WHAT YOU ARE ASKED TO DO: Where the data below contains pictures, omit them; output the rest word for word.

SUPPLIED MATERIAL:
· · · ·
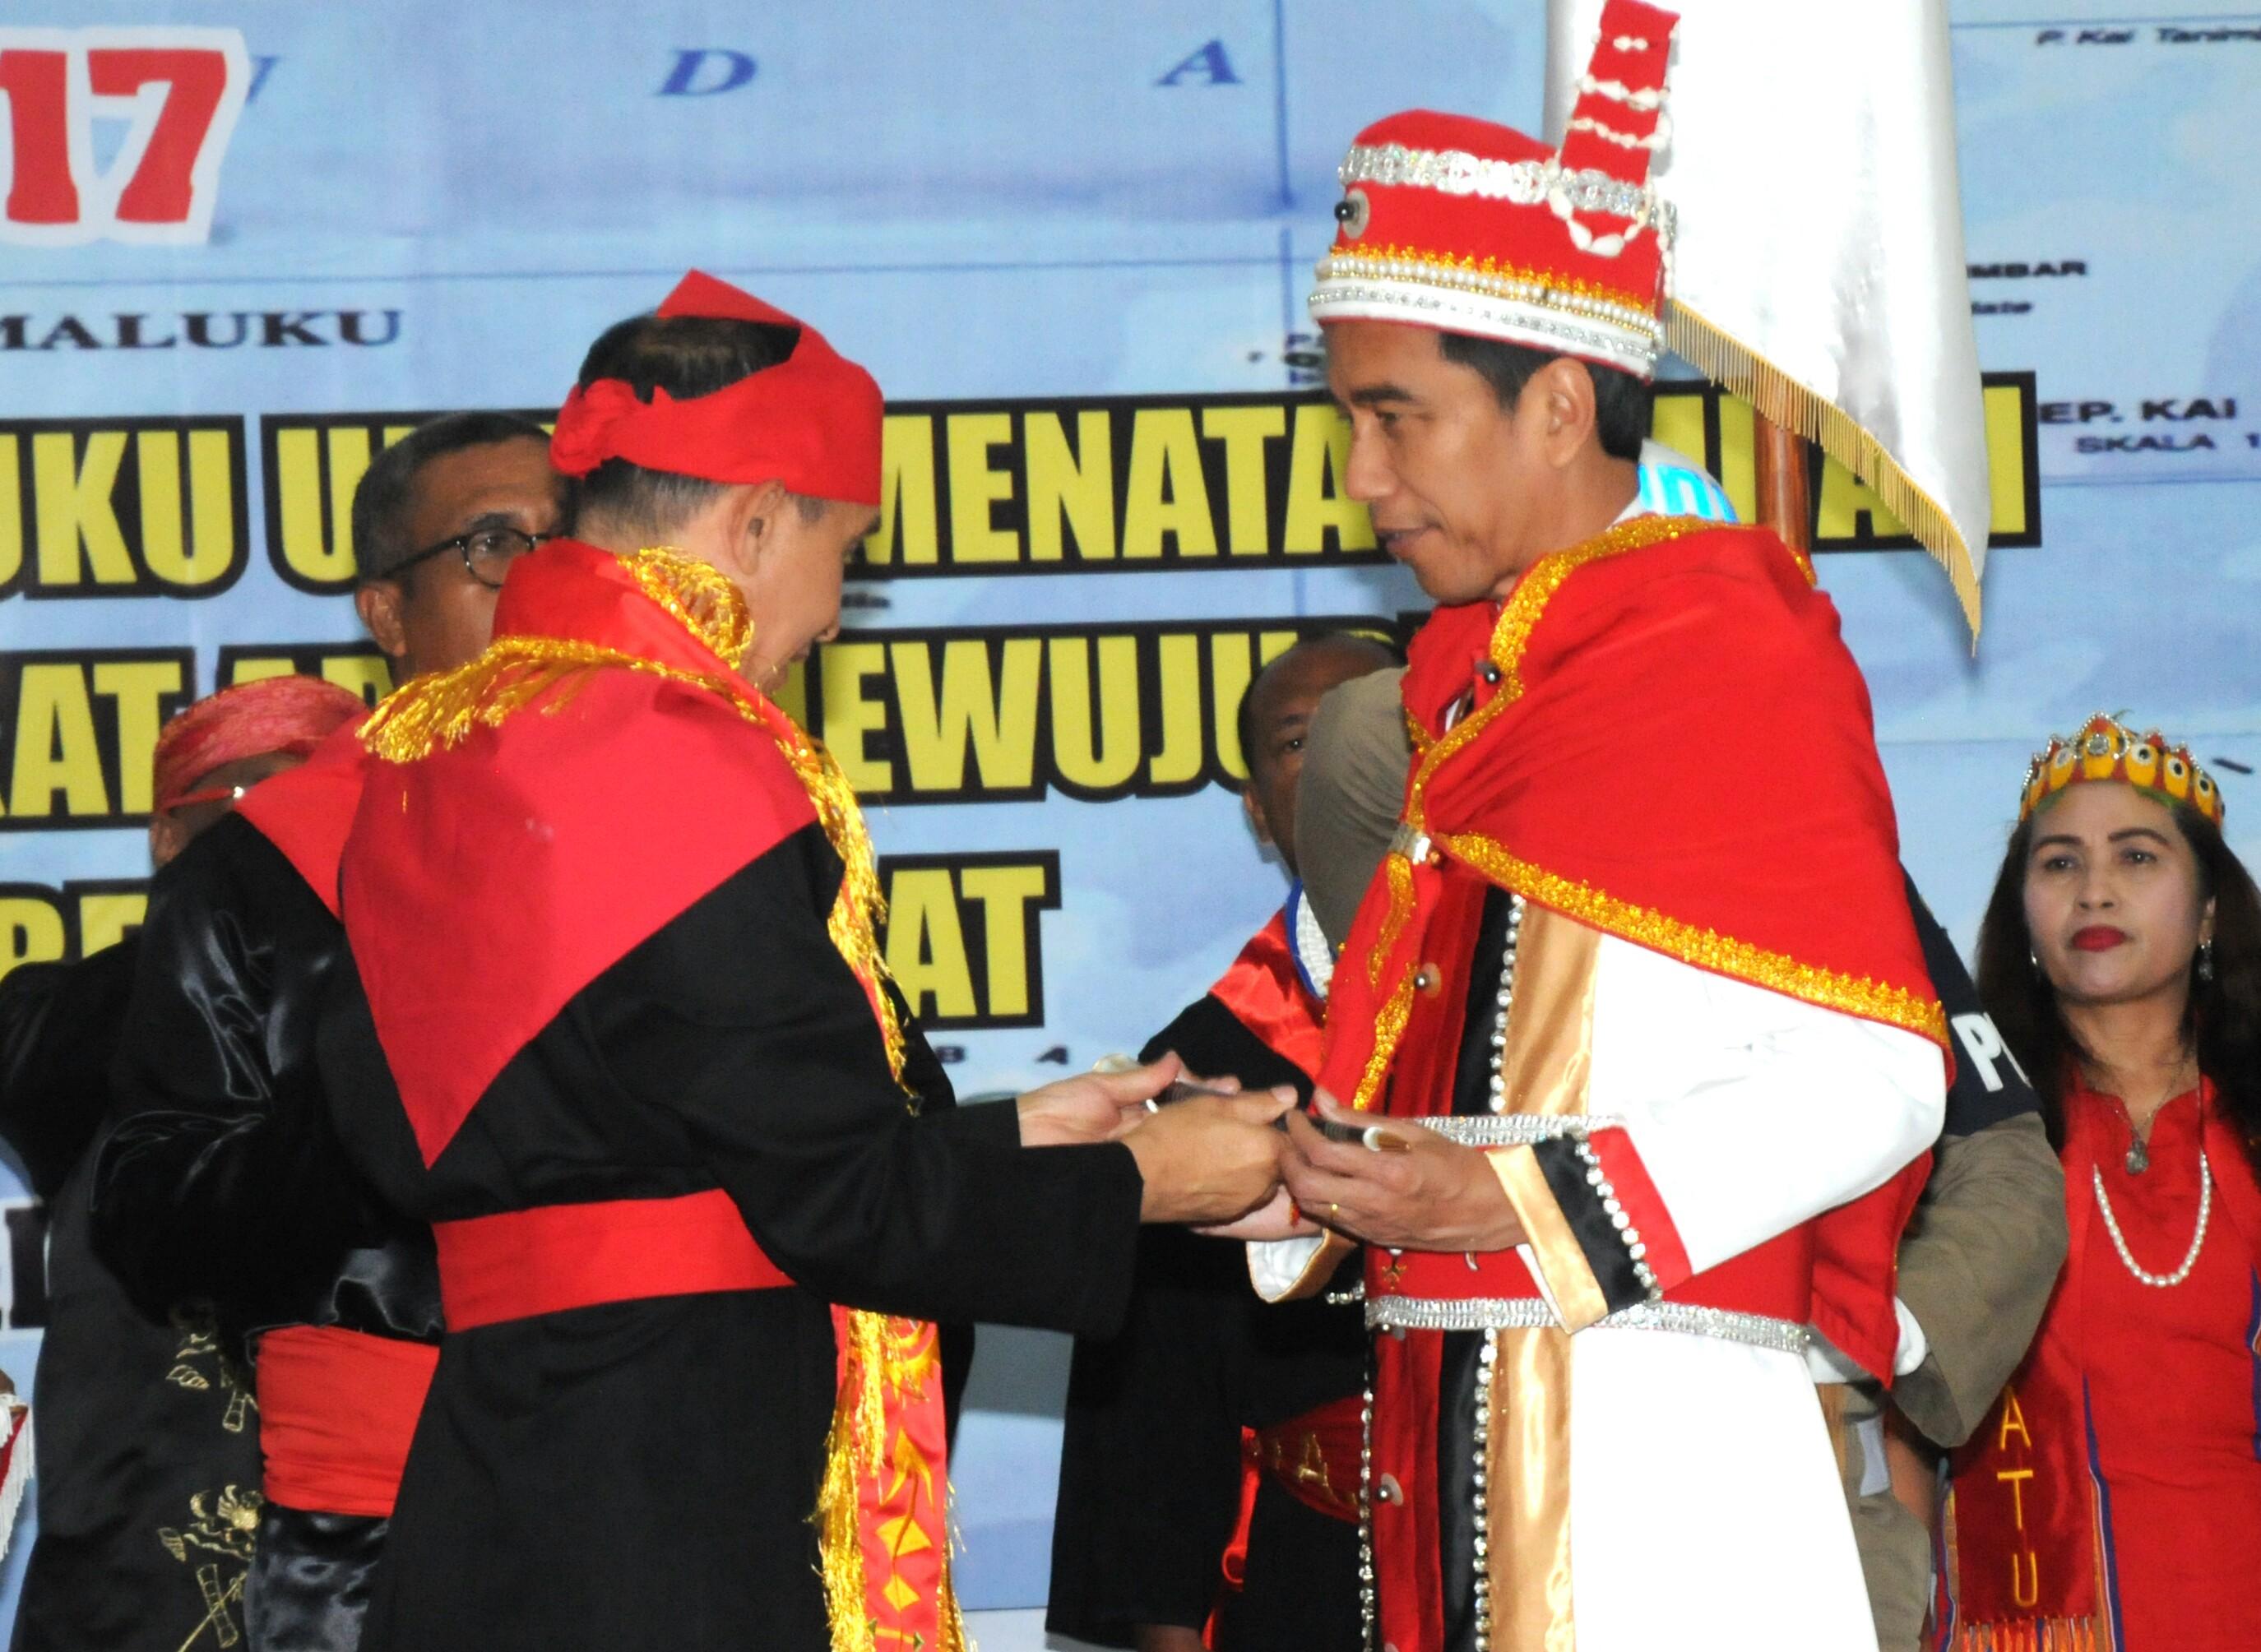 """Presiden Jokowi saat menerima Penganugerahan Gelar Adat Kehormatan """"Upu Kalatia Kenalean Da Ntul Po Deyo Routnya Hnulho Maluku"""" oleh Ketua Majelis Latupati Provinsi Maluku, Jumat (24/2). (Foto: Humas/Rahmat)"""
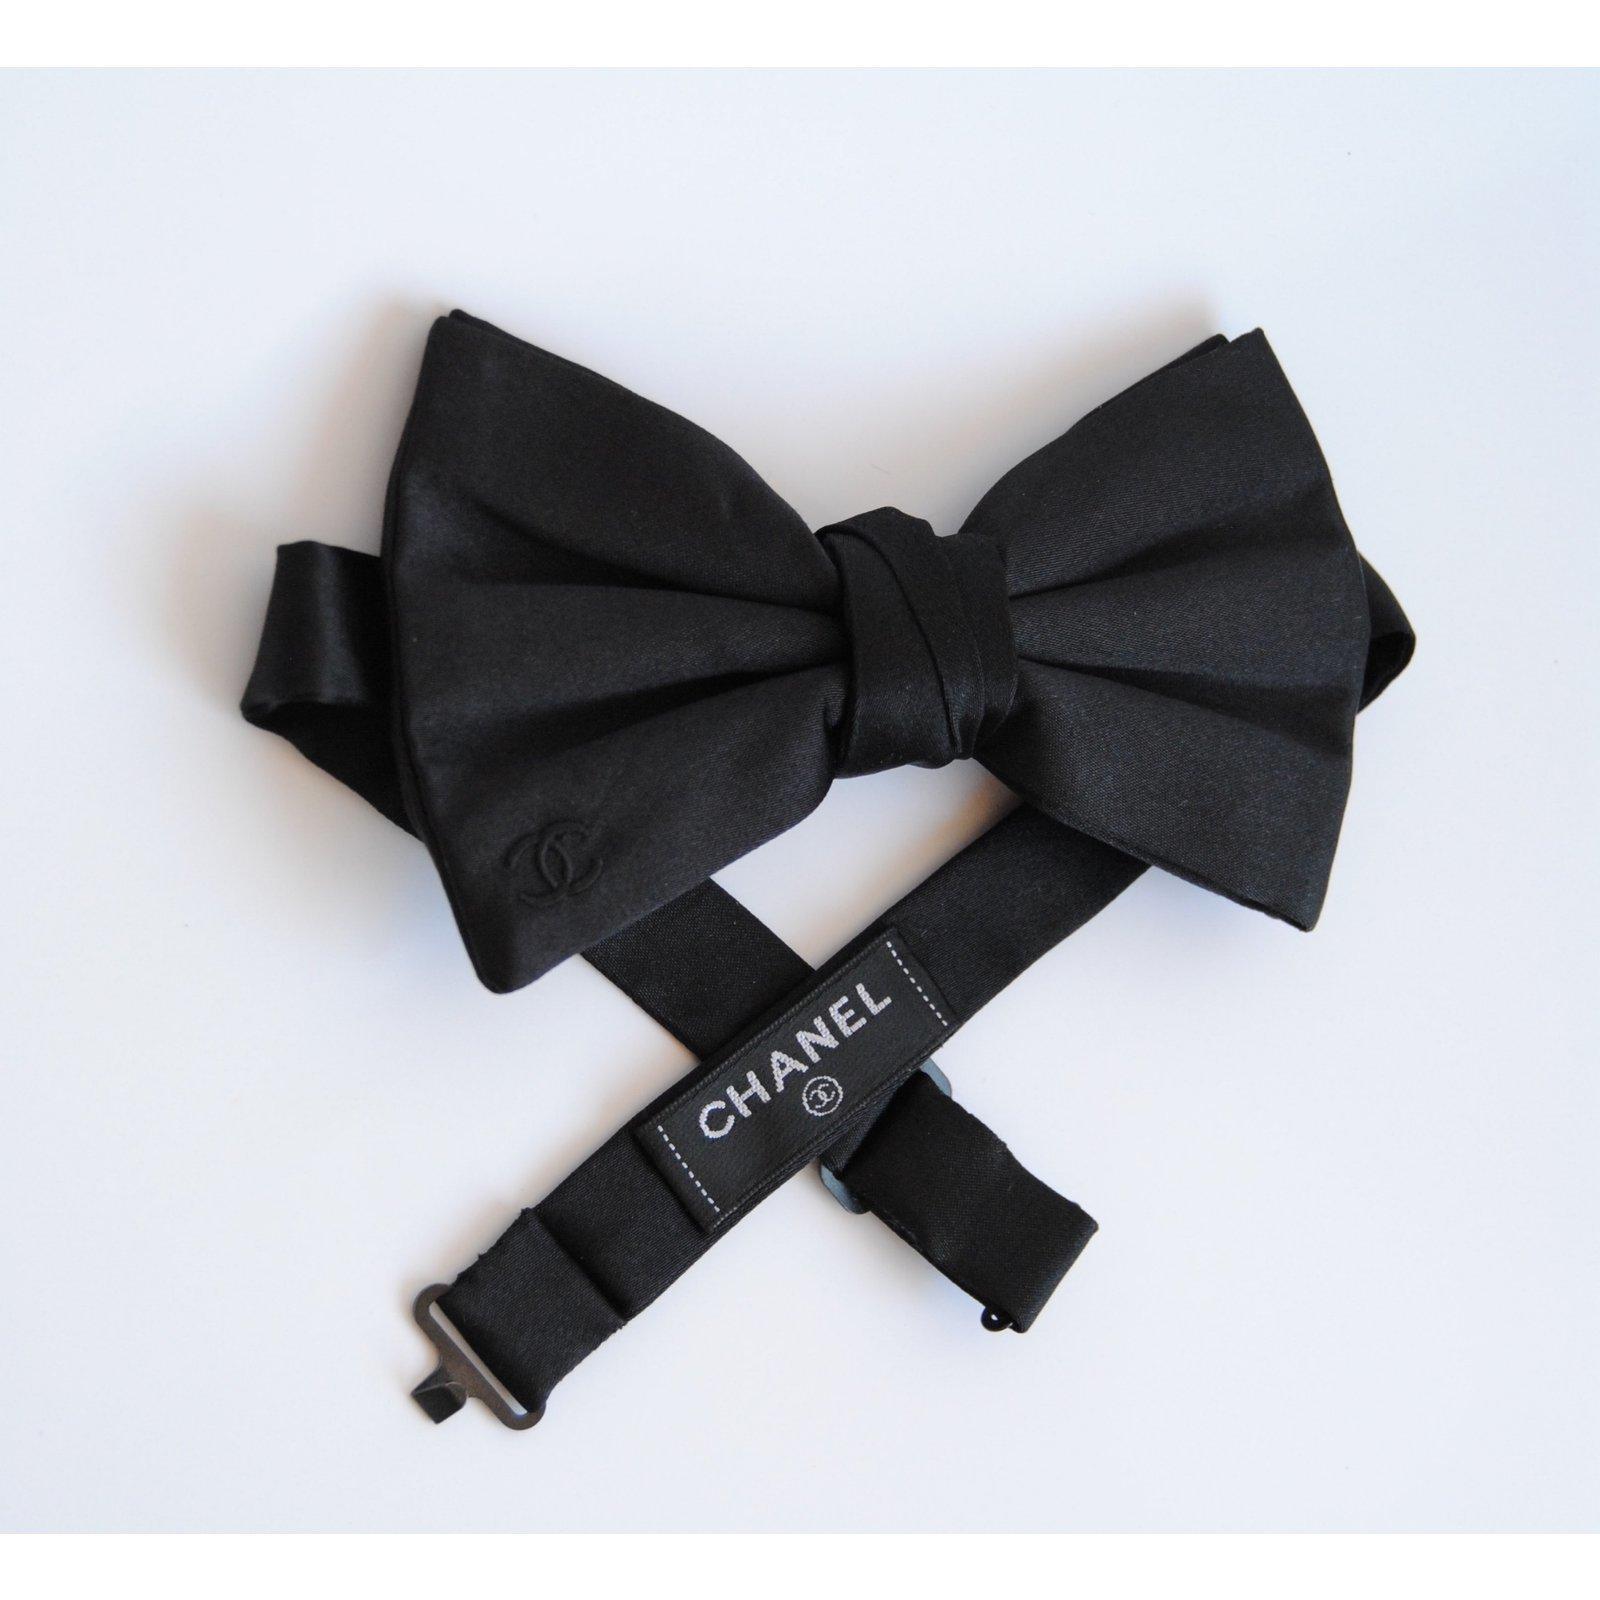 Adjutable Bow Tie
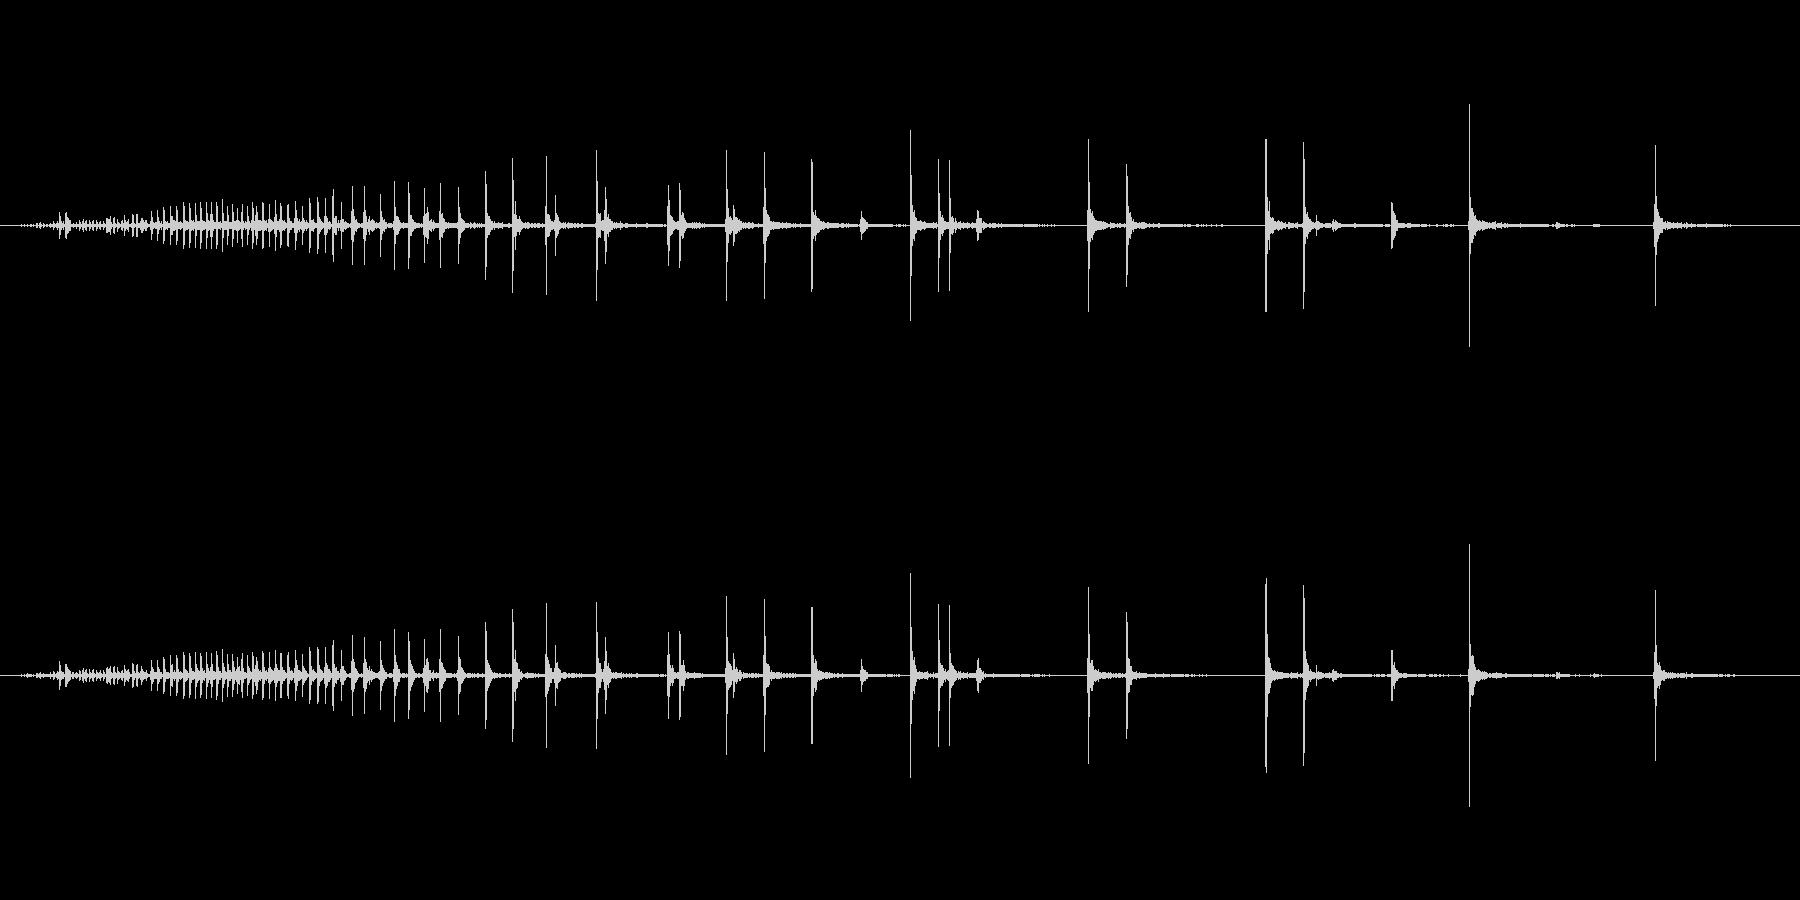 【生録音】軋む音 ギーー 1の未再生の波形
· · · ·
RESPONSE:
 """Presiden Jokowi saat menerima Penganugerahan Gelar Adat Kehormatan """"Upu Kalatia Kenalean Da Ntul Po Deyo Routnya Hnulho Maluku"""" oleh Ketua Majelis Latupati Provinsi Maluku, Jumat (24/2). (Foto: Humas/Rahmat)"""
 Adjutable Bow Tie
 【生録音】軋む音 ギーー 1の未再生の波形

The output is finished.